También Bastián estaba preocupado.

—Eso no puede continuar así, muchacho. Te arruinarás al lado de esta dama.

—¿Y qué puedo hacer yo? No puedo ponerla de patitas en la calle. No se iría.

—Sí se irá.

—Sí, a la policía.

—¡Maldita sea! -exclamó Bastián-. Tienes que pensar en el futuro, muchacho.

—No dejo de pensar en el futuro ni un solo momento. Lo que estamos haciendo ahora no va a durar por mucho tiempo. Y cuando termine este asunto habremos de largarnos. Y todo se sucederá de un modo muy rápido, muy repentino...; demasiado rápido y repentino para Dunia.

—En fin, no sé qué pensar -dijo Bastián.

Vendieron a griegos e indochinos cojinetes a bolas. Y camiones. Y jeeps. Y tractores. Y otras máquinas agrícolas.

—Con eso no pueden matar a nadie -se dijo Thomas Lieven, mientras desde la ventana de su despacho contemplaba las ruinas de Wiesbaden.

La ciudad daba la impresión de que nunca más se volvería a levantar de entre sus ruinas.

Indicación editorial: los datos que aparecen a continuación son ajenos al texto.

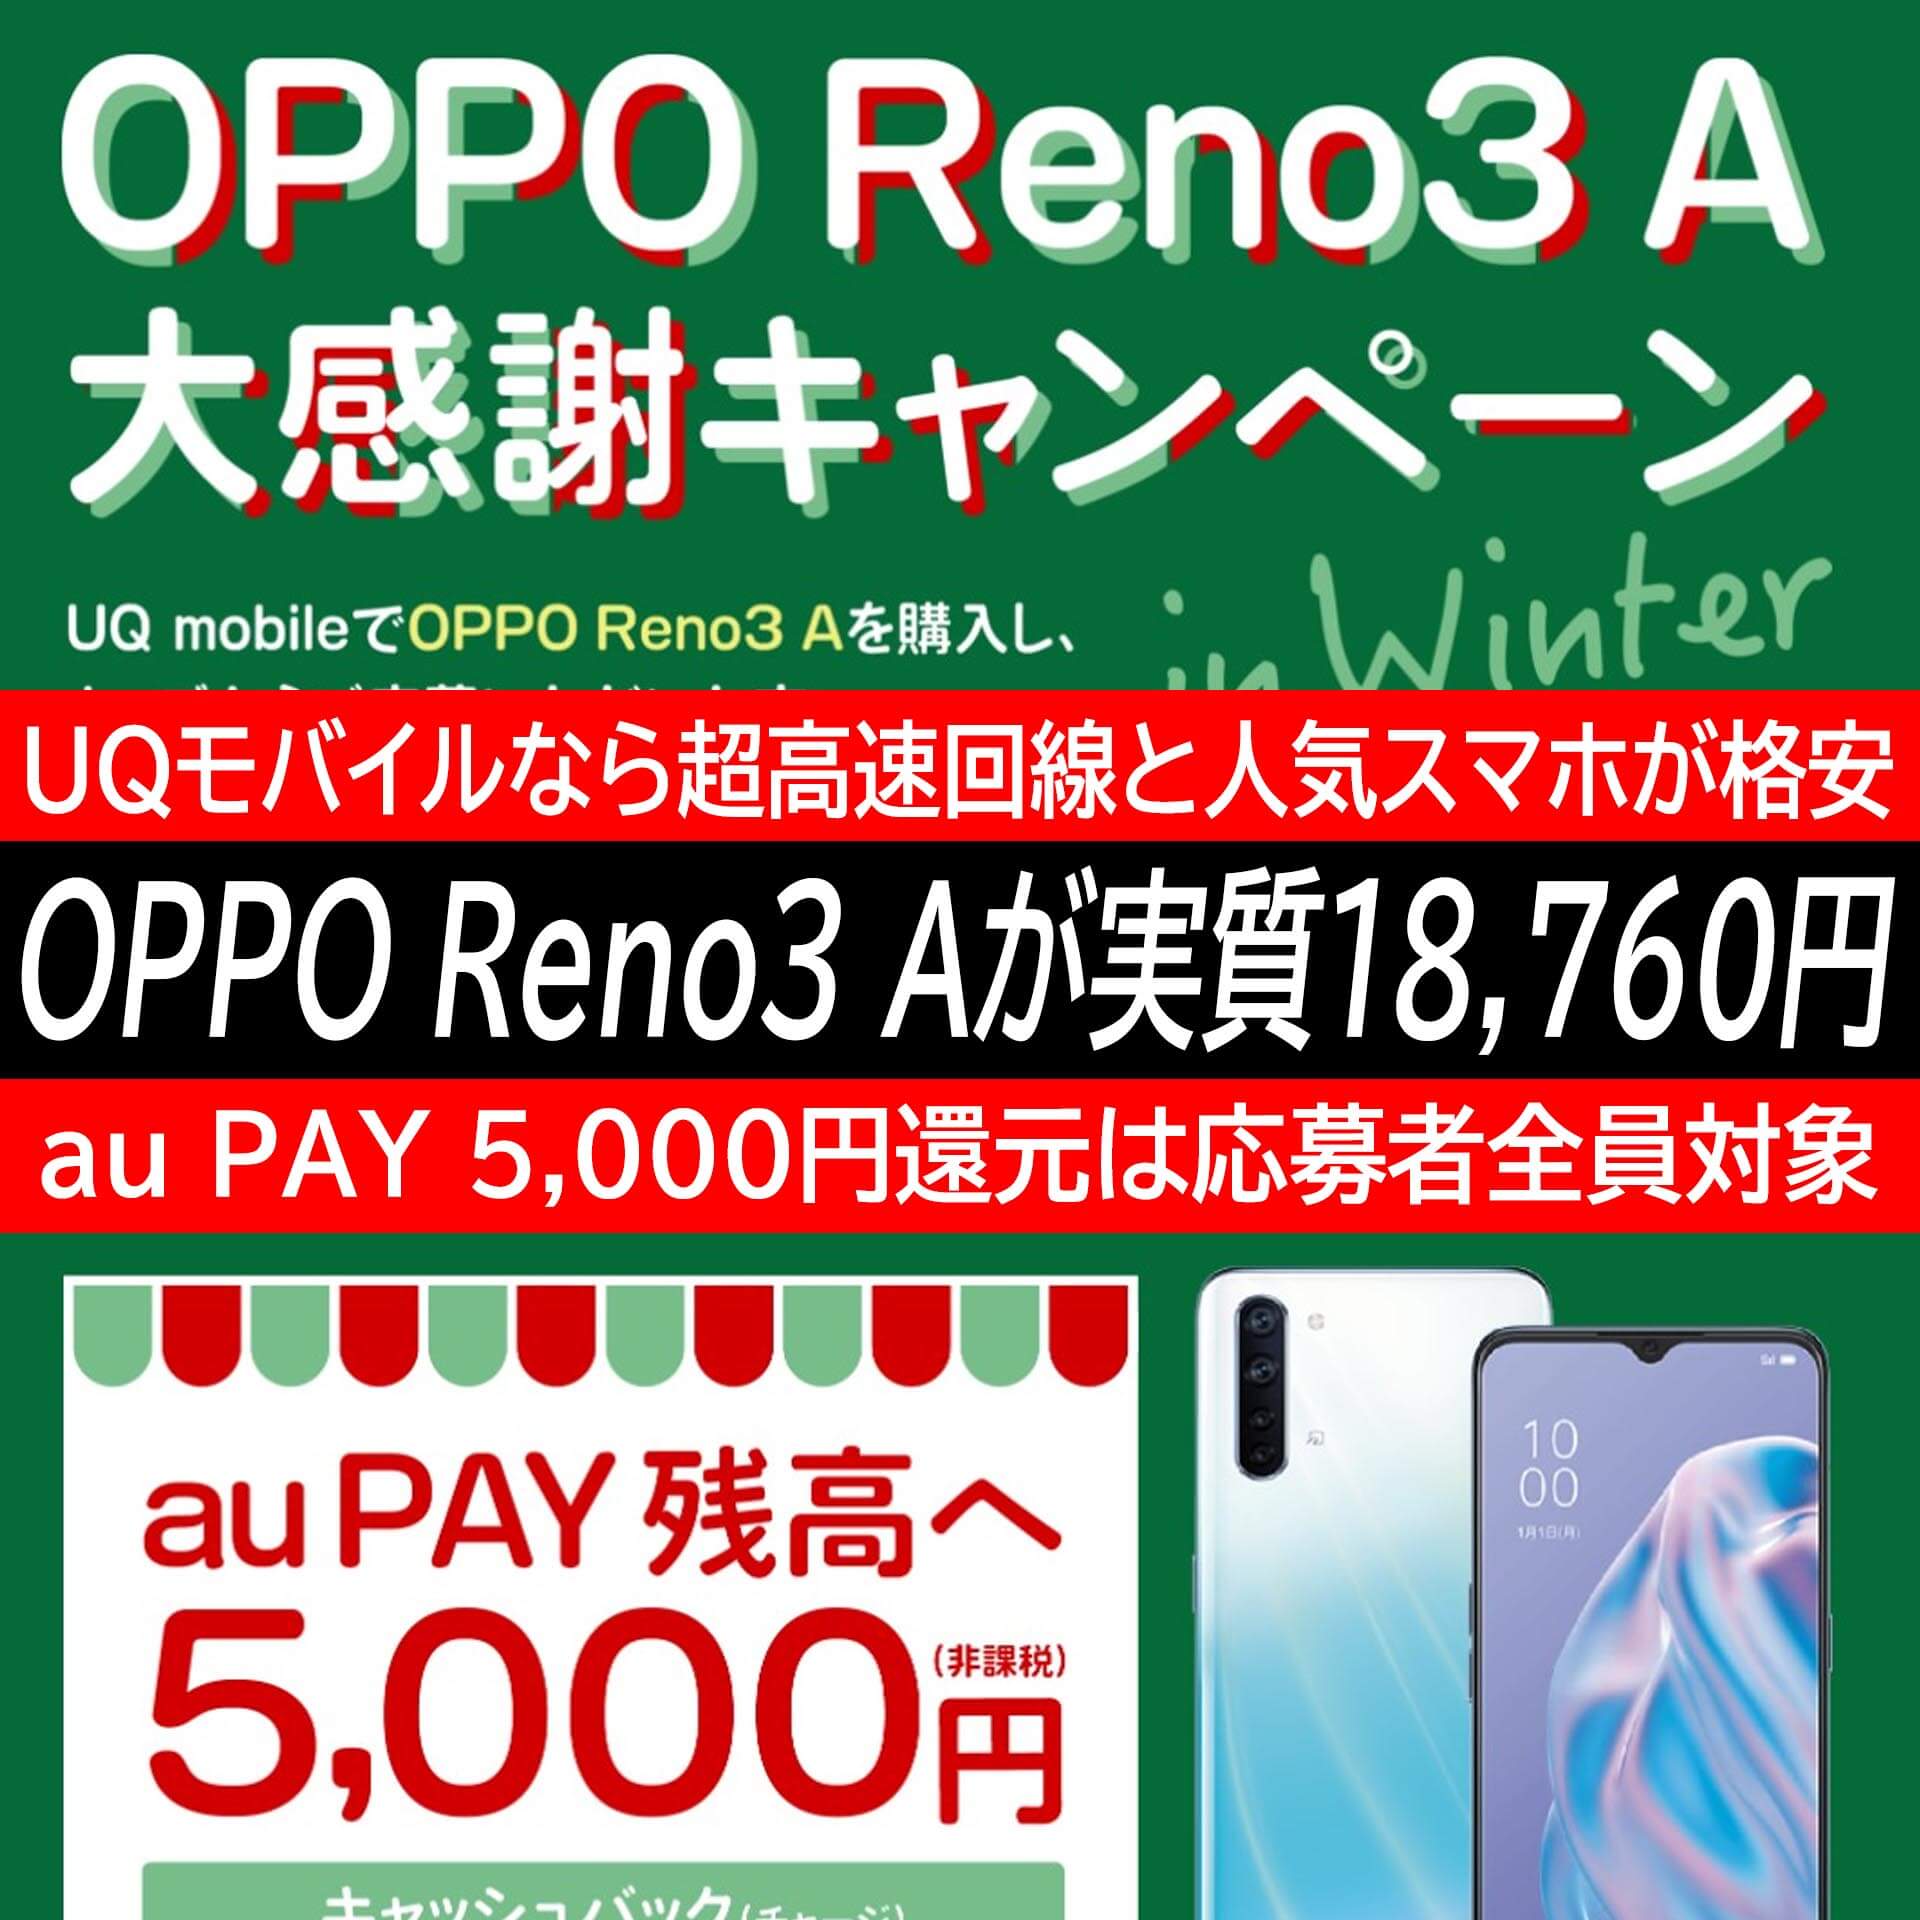 Uqモバイルでoppo Reno3 Aを実質18 760円で購入する方法 12月31日までの期間限定キャンペーン開催中

Antes de la guerra habían residido allí solamente personas ricas. Ahora se había convertido Wiesbaden en una ciudad de pensionistas pobres que vivían en la ruina. Las «ruinas» fueron calculadas posteriormente, de un modo oficial, en 600.000 metros cúbicos. Hasta la reforma monetaria gastó Wiesbaden tres millones trescientos sesenta mil reichsmark para el transporte de los escombros. Todos los ciudadanos intervinieron en estos trabajos y también Thomas Lieven, Bastián Fabre y Reuben Achazin colaboraron en los trabajos de desescombro. Pero ellos lo consideraban como una compensación deportiva a sus otras actividades.

En el otoño del año 1947 llegaron a la conclusión de que de un saco de dormir americano se podían hacer un par de pantalones. Tenían en sus almacenes 40.000 sacos de dormir americanos. Las fábricas de confección en el sur de Alemania recuerdan incluso hoy, el alud de material y pedidos que les llegaron en el mes de noviembre de 1947...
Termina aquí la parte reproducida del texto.